#### DIRECTIONS:
Would you transcribe the listing that follows, character for character, and omit its images?

#### DATA EXTRACT:
#####
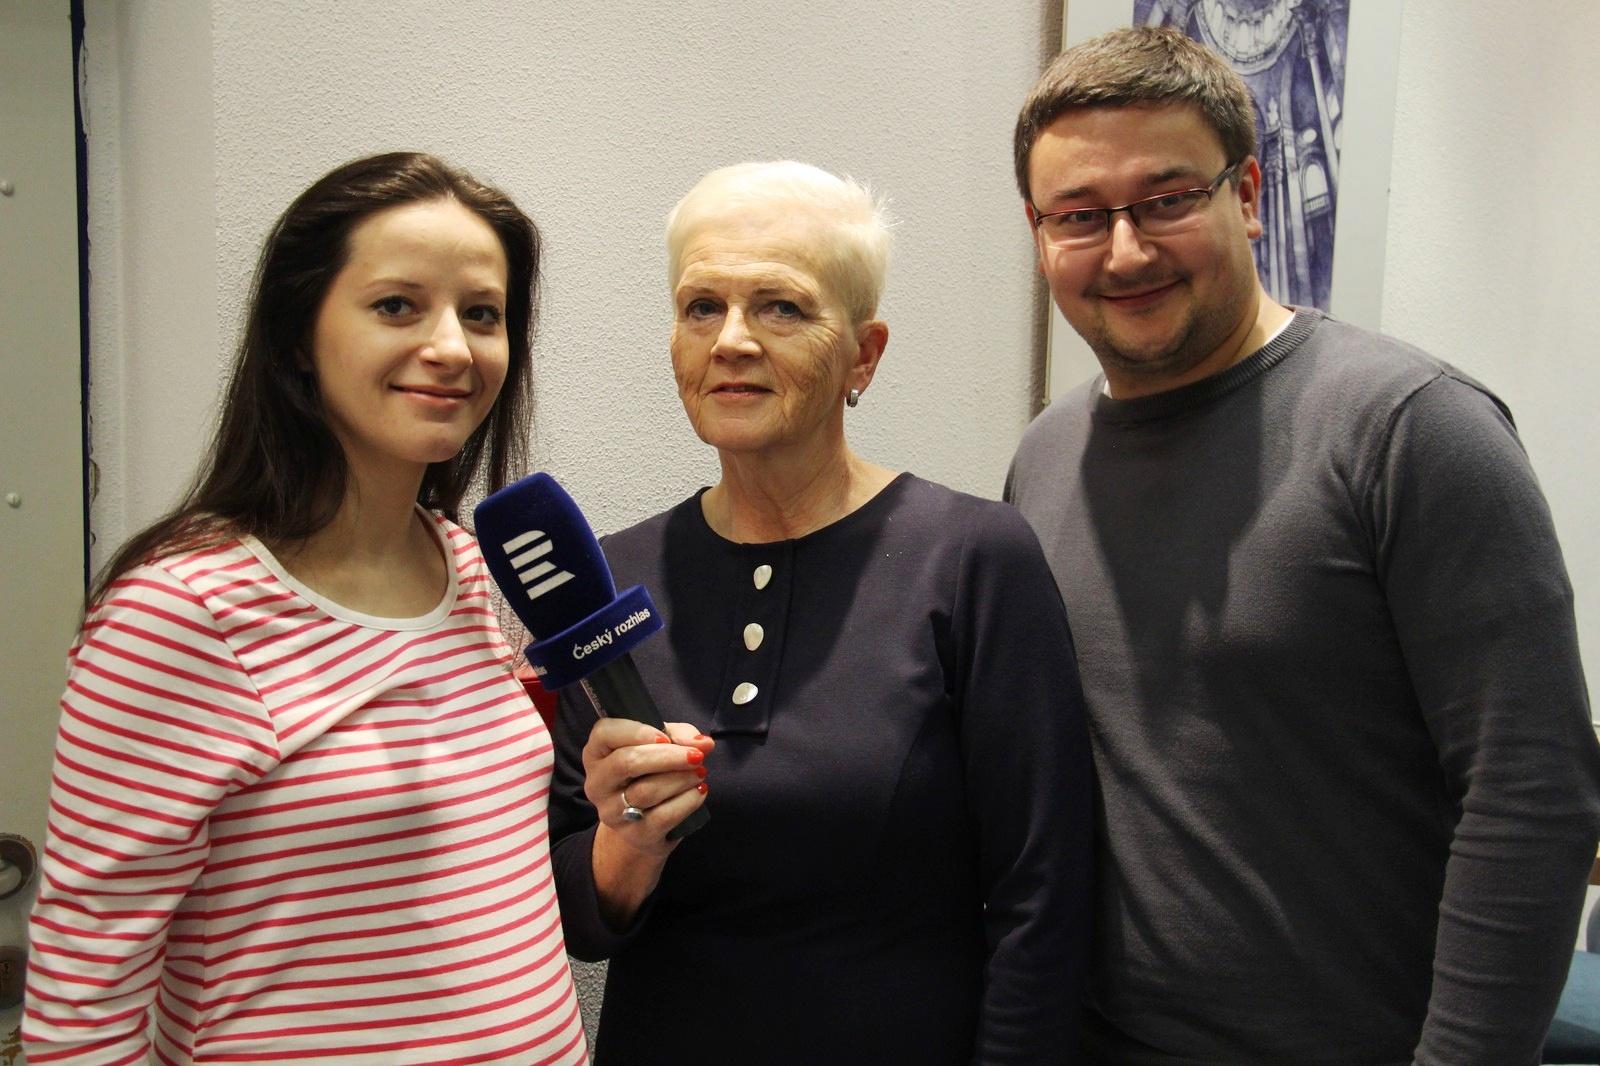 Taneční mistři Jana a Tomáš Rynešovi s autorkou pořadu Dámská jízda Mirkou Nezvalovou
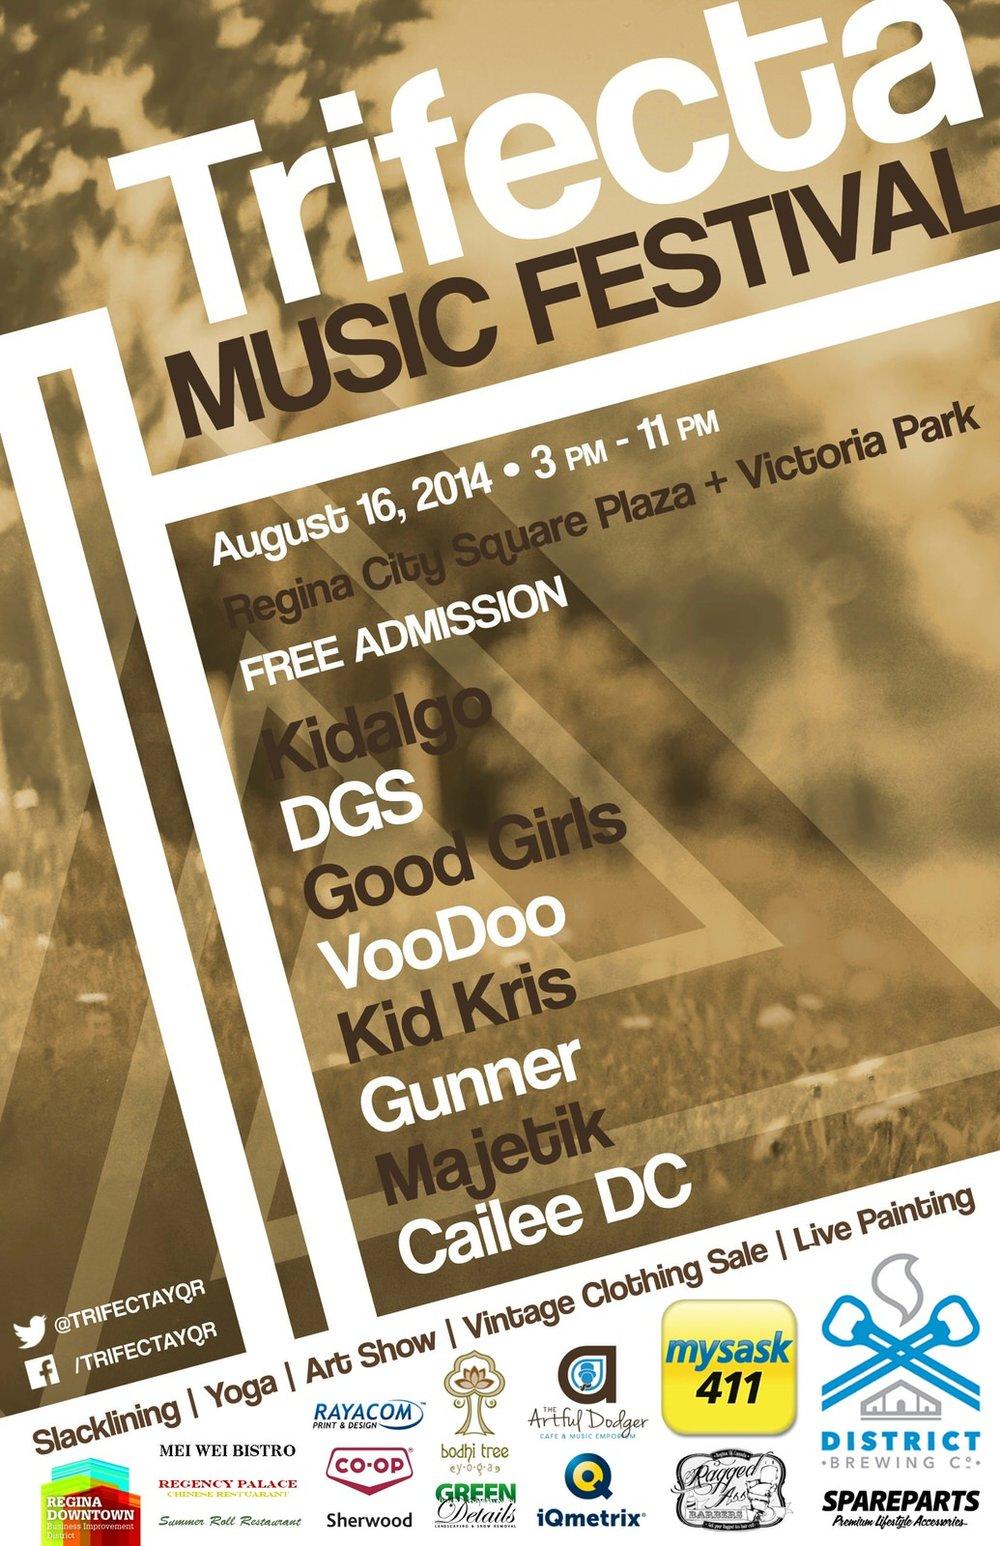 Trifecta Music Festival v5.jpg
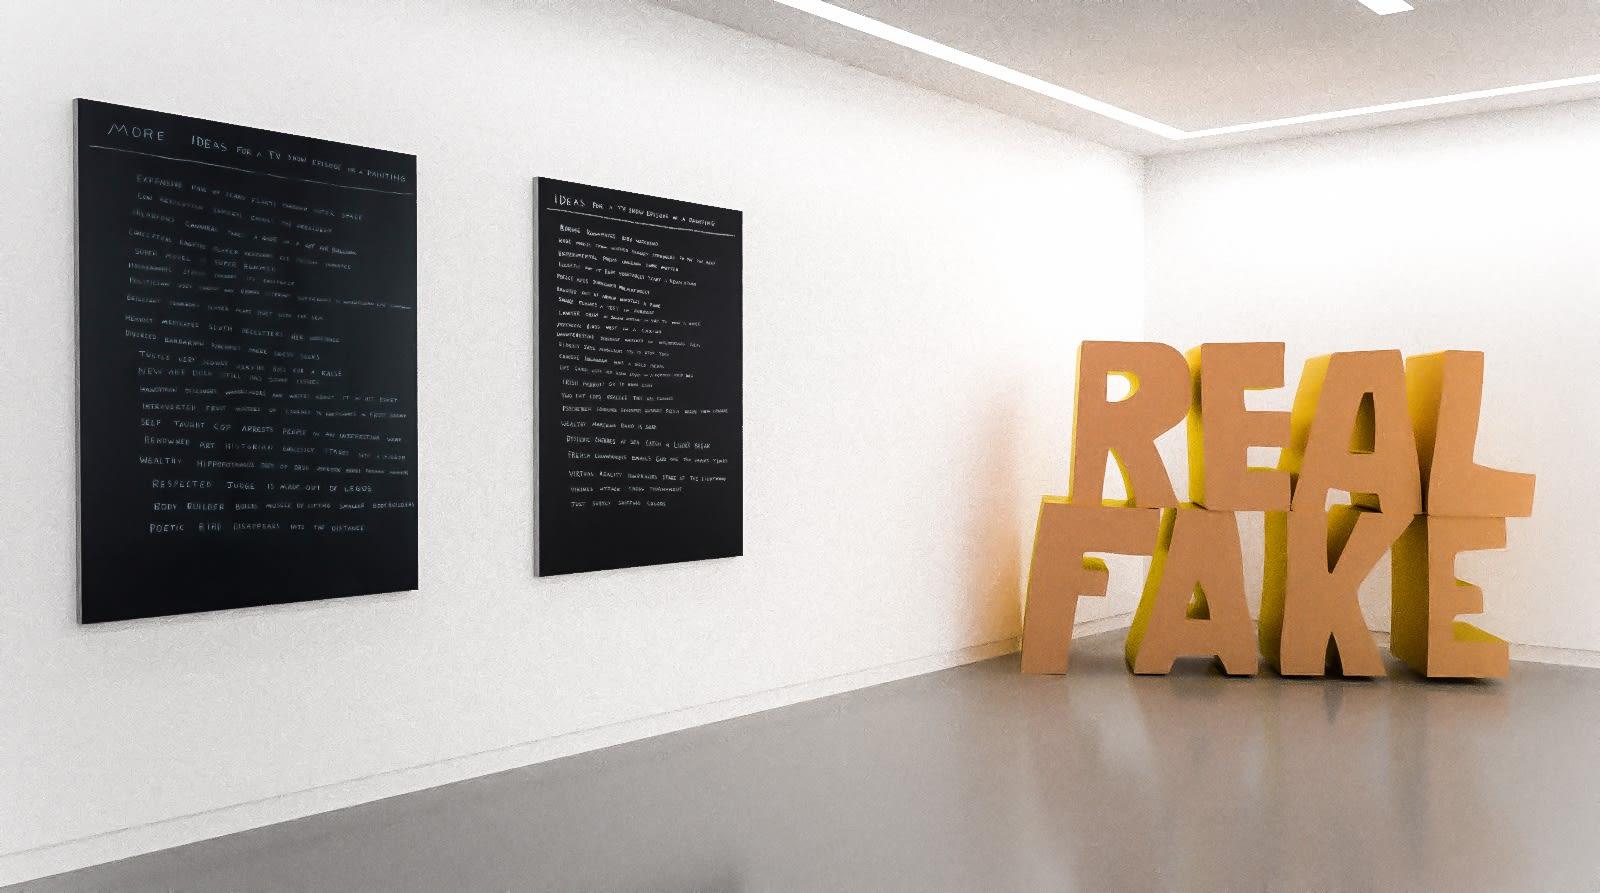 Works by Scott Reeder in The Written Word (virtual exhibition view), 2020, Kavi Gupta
#####
#### OUTPUT BELOW:
 Taneční mistři Jana a Tomáš Rynešovi s autorkou pořadu Dámská jízda Mirkou Nezvalovou
 Trifecta Music Festival v5.jpg
 Works by Scott Reeder in The Written Word (virtual exhibition view), 2020, Kavi Gupta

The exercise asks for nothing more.